The “mythologically confusing” assignment of different gender labels in different cultures did not prevent Campbell from being receptive to the deeper mysteries of the solar/lunar dialectic in other traditions. His transcendent solar/lunar vision allowed him to see beyond gender biases into the energies of the psyche that permeate all psycho-spiritual traditions. For example, his grasp of the axial solar/ lunar dialectic made it possible for him to develop an insightful comparison of the Navajo “Pollen Path” and the Kundalini chakra system in The Inner Reaches of Outer Space (1986). In both systems, Campbell shows the primary task to be a reconciliation of the counterpoised solar and lunar energies. The Navajo initiate masters this stage through participation in the sand paintings that accompany the rituals. For the yoga, solar/lunar consciousness is achieved through meditation. Campbell speaks of a white or ida aspect, which is “associated with the cool, ambrosial, ‘lunar’ energies of the psyche; and a red, called pingala…, whose energy is ‘solar, fiery,’ and like the solar heat of the tropics, desiccating and destructive.” The yoga’s prime goal is to harmonize these contrary energies (Image 331). The solar/lunar dynamic occurs in the psyche whether or not one is conscious of it. Creative individuals, such as artists, poets, and shamans, often experience a transcendence of the solar/lunar duality as an initial part of their ritual process. Throughout his work, Campbell, documented repeated instances of solar and lunar energies coming together to signify a critical stage of transformation in many disciplines. A complete survey of the solar/lunar counterplay in Campbell’s writing would extend far beyond the reaches of this essay. We might herein at best only hint at the far-reaching implications Campbell’s solar/lunar vision may have for masculinity, and ultimately for our collective cultural consciousness.
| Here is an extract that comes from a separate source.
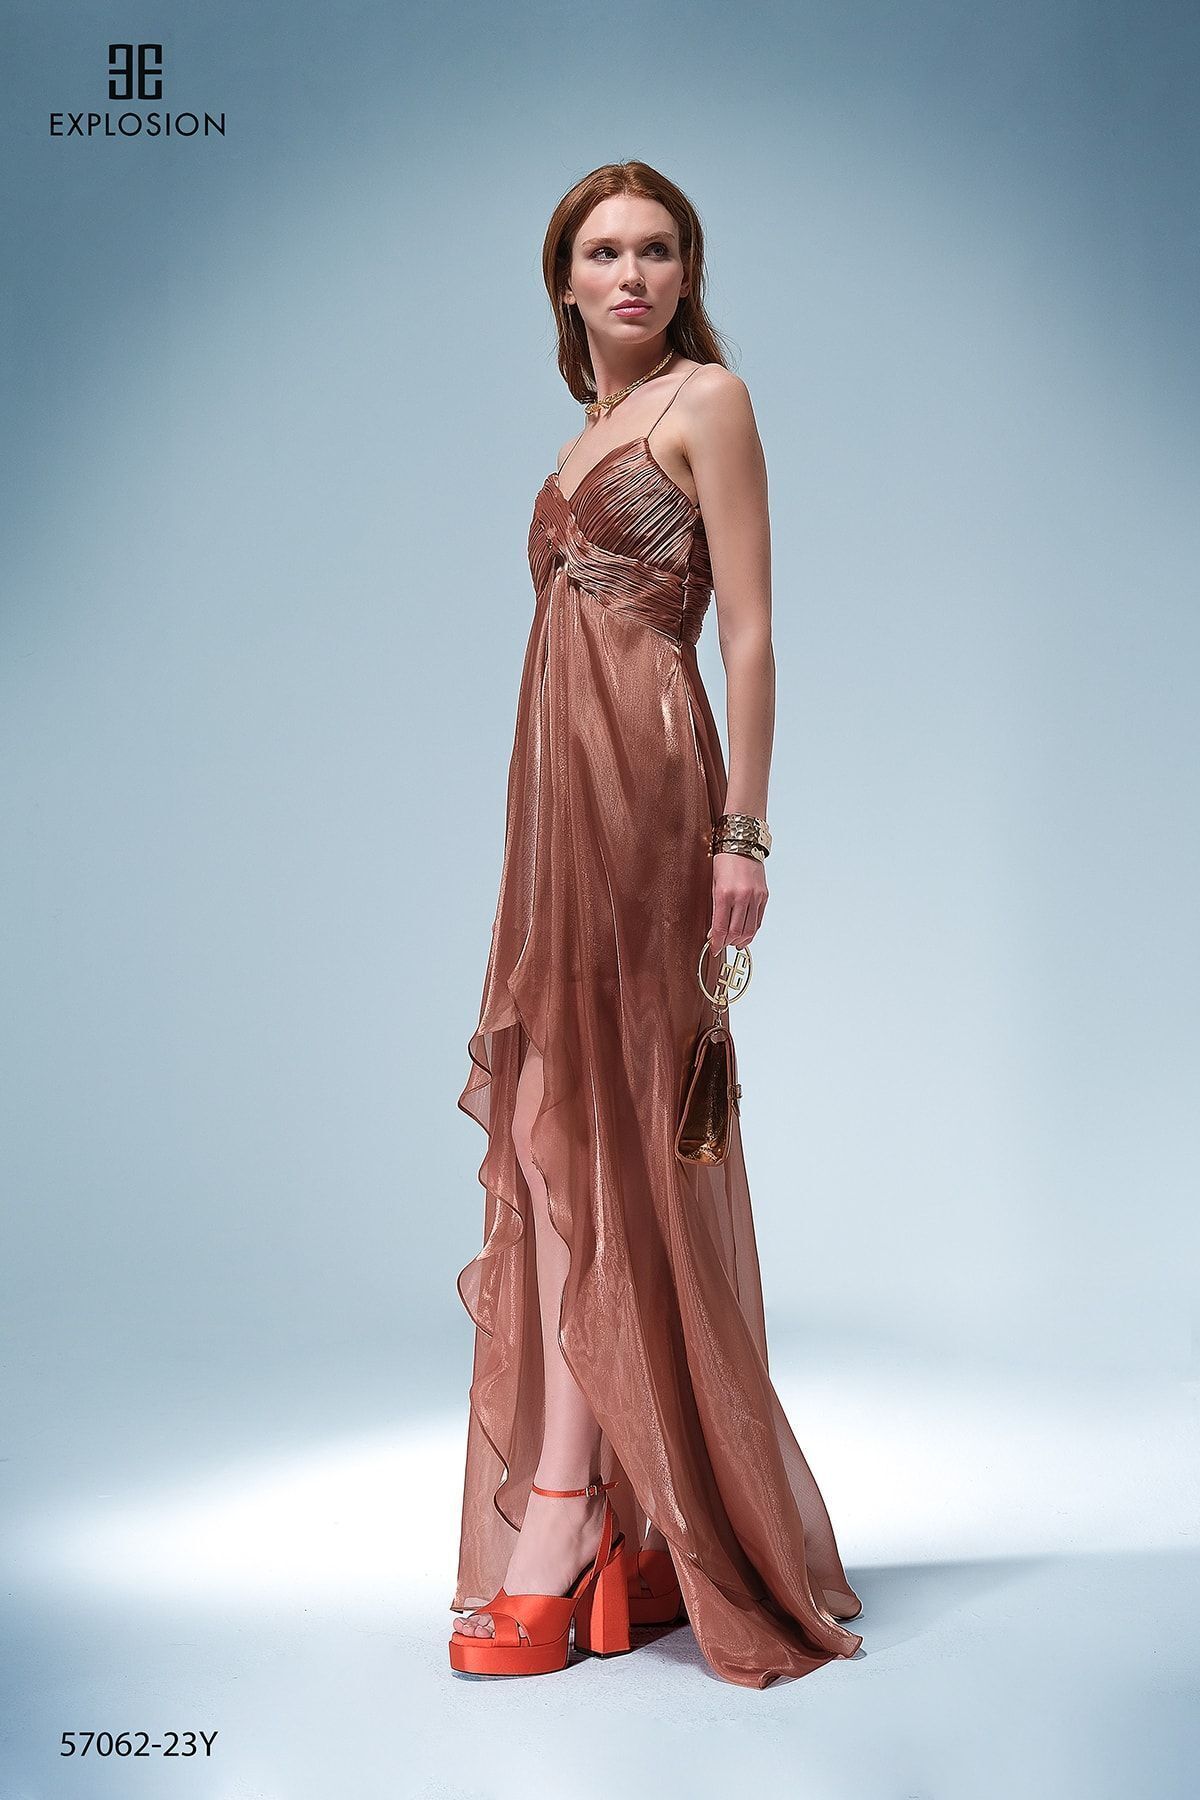 EXPLOSION Kadın Düz Saten Uzun Ip Askılıklı Bakır Elbise Exp57062-bakır

We are greatly indebted to Joseph Campbell for having recovered our vision of the male hero, which had suffered a long neglect in the wake of rapid changes advanced by scientists and rationalists of the nineteenth century. His contribution to our revaluing an individual’s subjective experience is unmatched in the literature and psychology of the twentieth century. As we move into the next century, the ongoing breakdown of patriarchal mythologies will inspire us to resurrect even more universal, archetypal creation motifs to incorporate the variety of viewpoints that comprise our new world. It is my hope that the Twin Heroes, Campbell’s central paradigm of balancing solar and lunar energies, will receive more attention in the future as we follow Campbell and look for archetypal motifs that amplify and reinforce the complementary, compatible aspects of our human nature.